Twijfel en zekerheid (7 - slot)

8 minuten leestijd

In een slotartikel willen we nu aandacht schenken aan de vraag, hoe de twijfel in ons leven overwonnen kan worden. Voorop staat, dat wij moeten leren leven uit het geloof in Gods beloften. De Heere vraagt een kinderlijk geloof in Zijn beloften, die voor iedere zondaar gelden, onvoorwaardelijk. Gods beloften zijn vast. Ze zijn in Christus' Jezus „ja" en door Hem is ook het „amen". Wij moeten ,,amen" leren zeggen. Dat is ook genade. Dat is ook door Christus. Van harte belijden we met onze Heid. Catechismus, dat de Heilige Geest het geloof in onze harten werkt, door het Evangelie. Paulus schreef: ,,En dat niet uit u; het is Gods gave". In de strijd des geloofs wordt dat terdege geleerd. We zijn diep afhankelijk van de Heilige Geest; maar Die werkt dan ook het geloof. Die geeft ons de kracht en de vrijmoedigheid des geloofs, waardoor we gaan leven uit dat ,,nochthans" van Zondag 7 en 23.
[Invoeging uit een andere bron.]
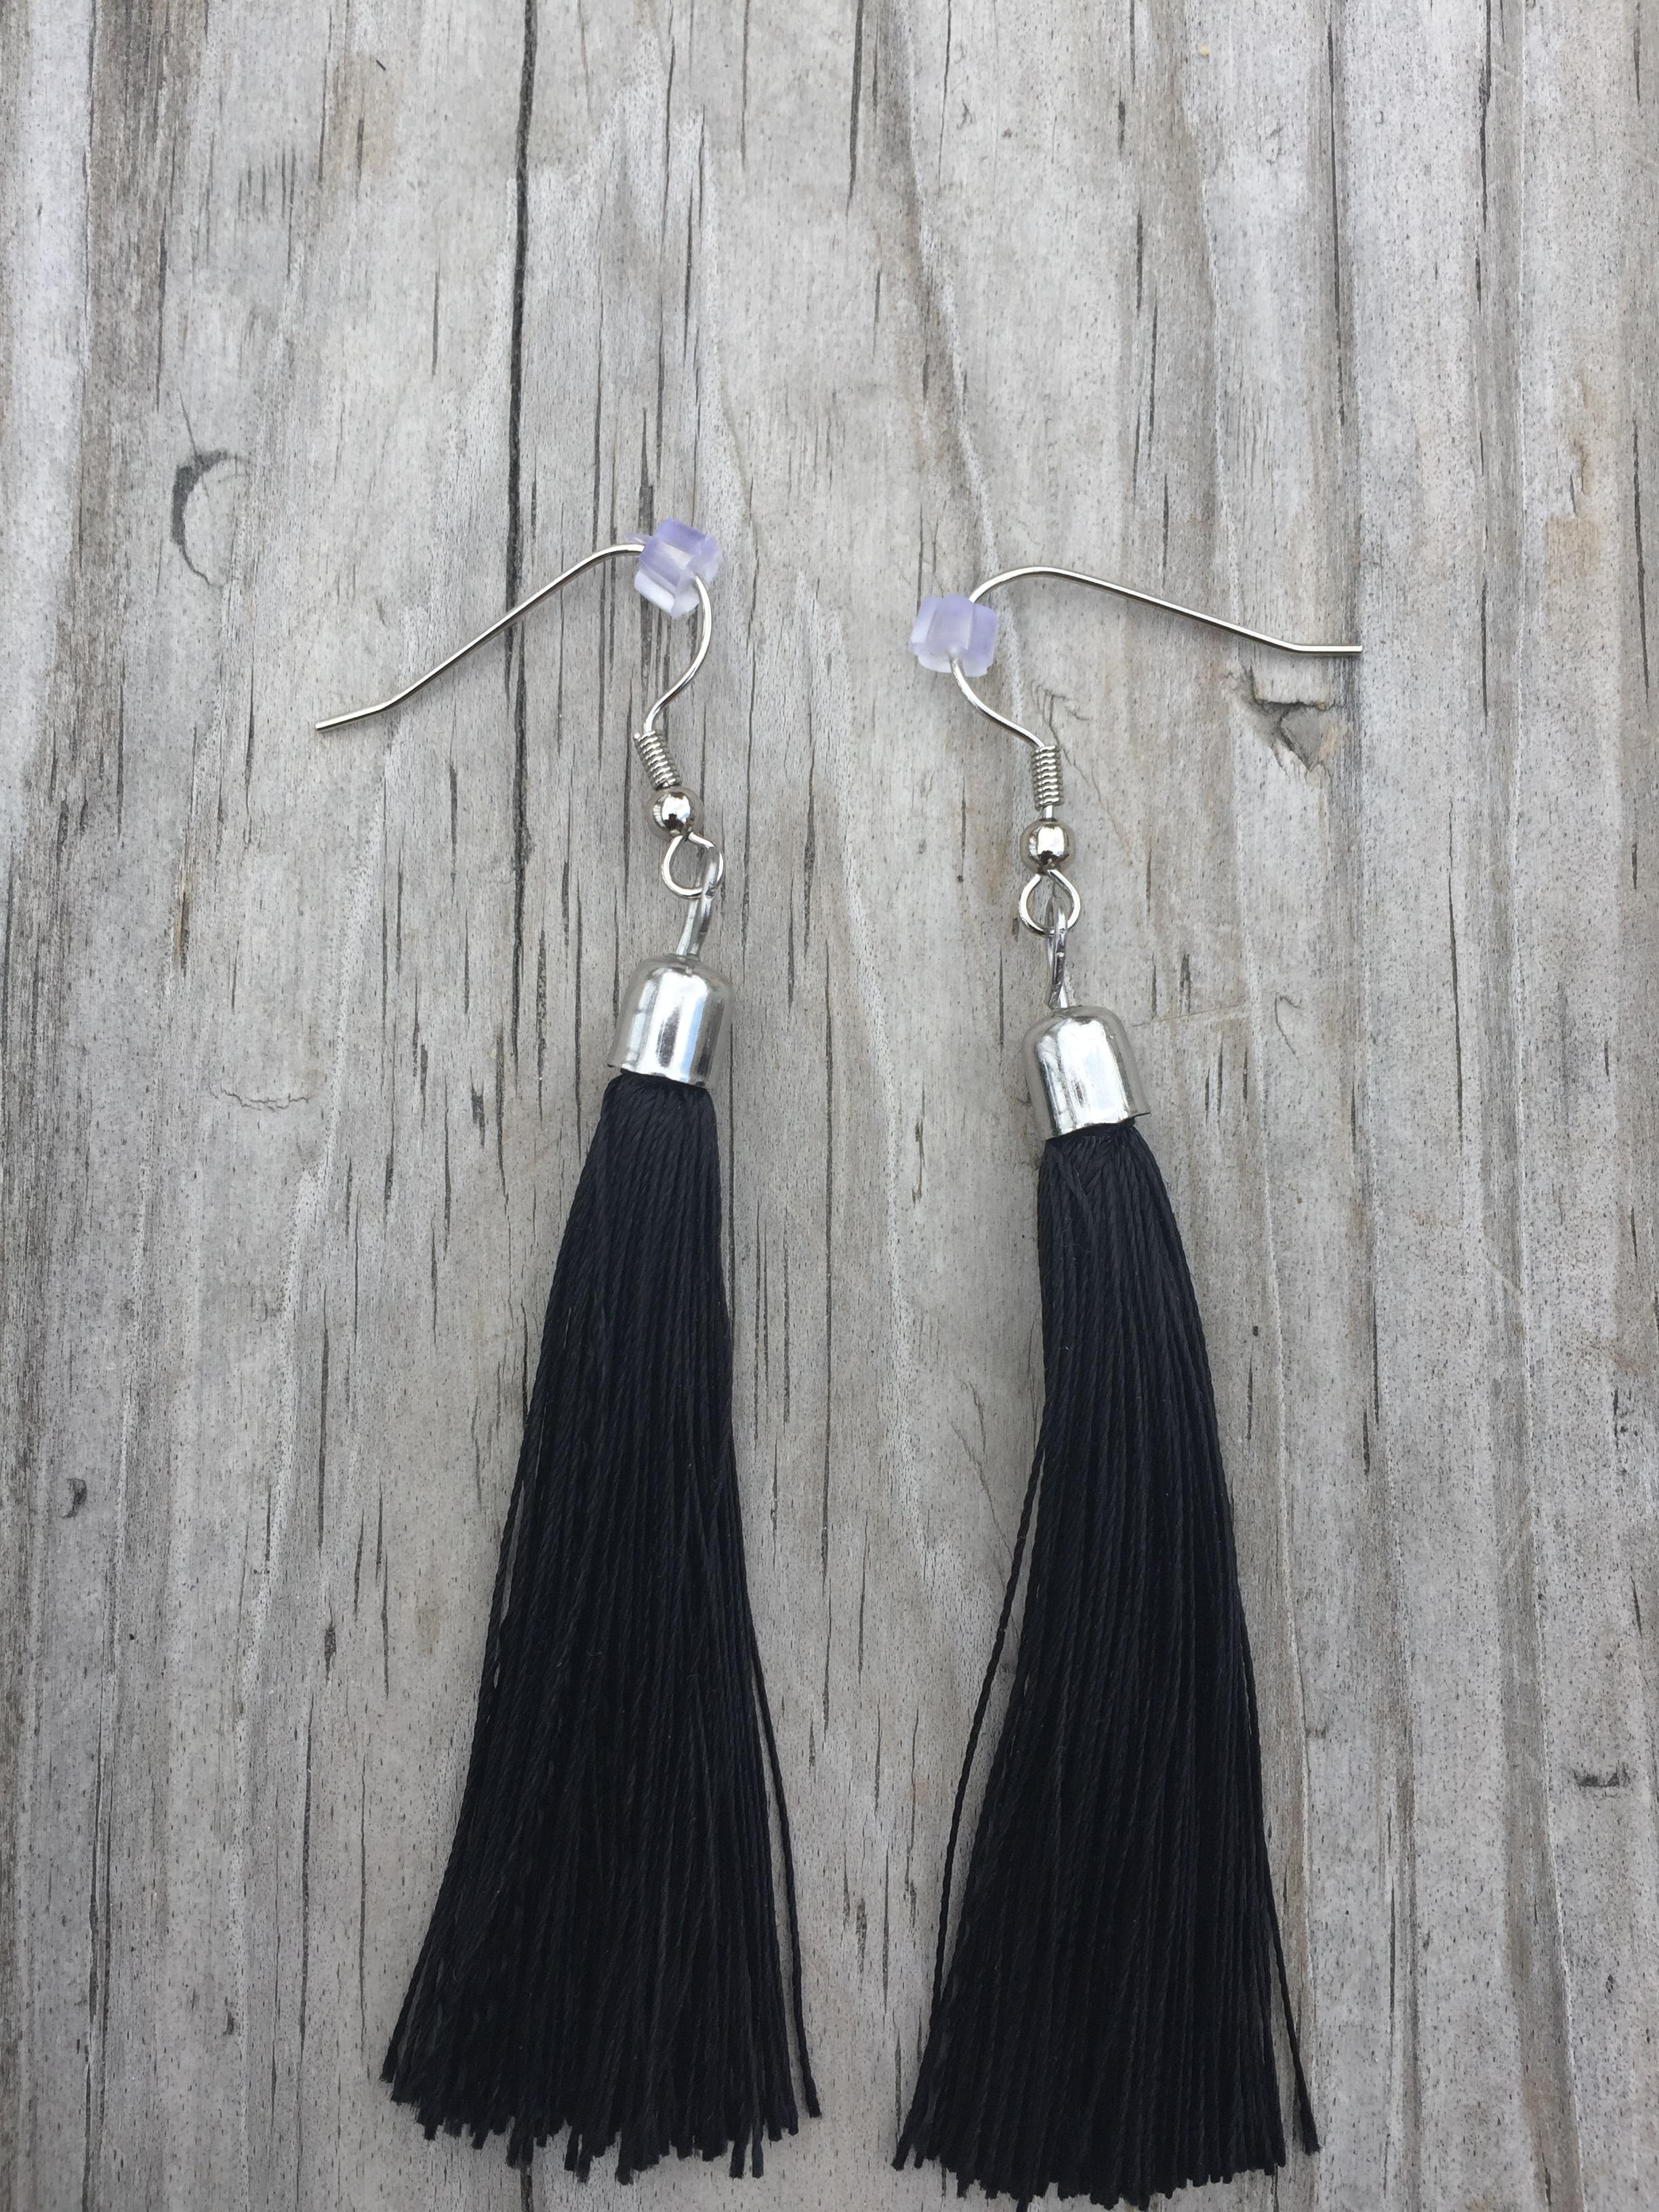 Simple Tassel Earrings.JPG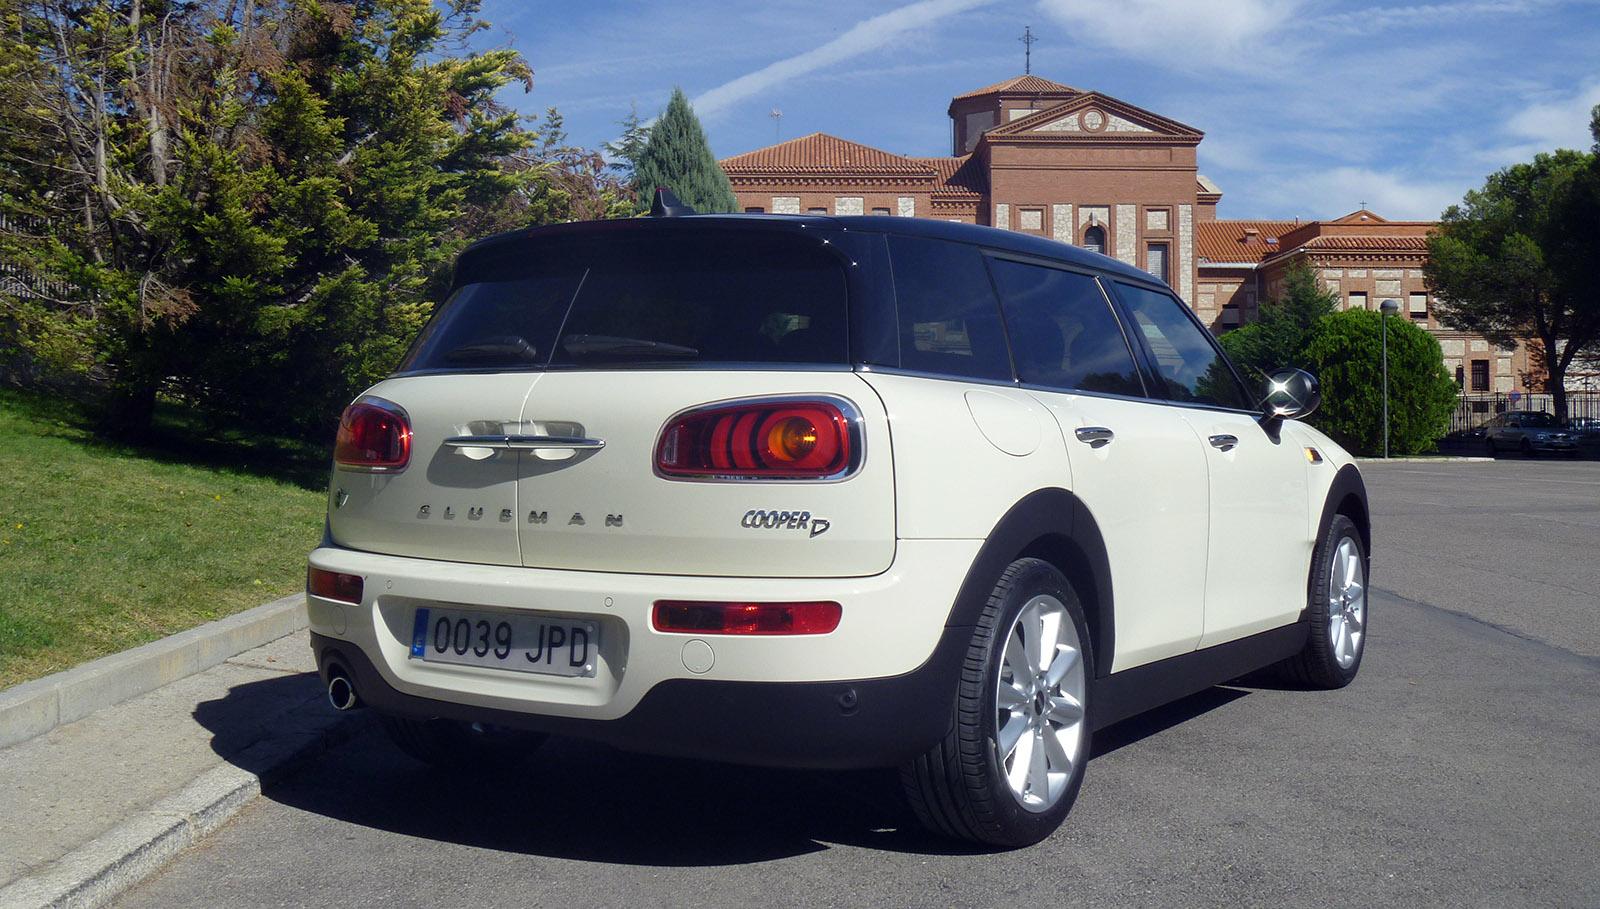 El Mini Cooper D Clubman automático monta un motor diésel de 2 litros (150 CV) acoplado a una caja de cambios automática de 8 relaciones. Su velocidad máxima es de 212 km/h.

Een andere weg tot de zekerheid, dan door het geloof, is er niet. De zekerheid des heils is niet iets, dat nu buiten het geloof en nog eens op een aparte wijze tot stand komt. Men is verzekerd van zijn zaligheid en schuldvergiffenis alléén door het geloof, of men is het niet. 't Geloof betekent in zichzelf vastheid, vanwege zijn voorwerp: Gods belofte in Christus Jezus. Daarom schreef Paulus: „In welken ook gij zijt, nadat gij het woord der waarheid, namelijk het Evangelie uwer zaligheid gehoord hebt; in welken gij ook, nadat gij geloofd hebt, zijt vergezeld geworden met de Heilige Geest der belofte". Eigenlijk staat er: al gelovende. In de weg, in de beoefening van het geloof, worden we verzekerd. En als de geloofsoefening ontbreekt, genieten we de zekerheid niet. Daarom beleden onze vaderen in de Cat.: „In zover ik zulk een weldaad met een gelovig hart aanneem".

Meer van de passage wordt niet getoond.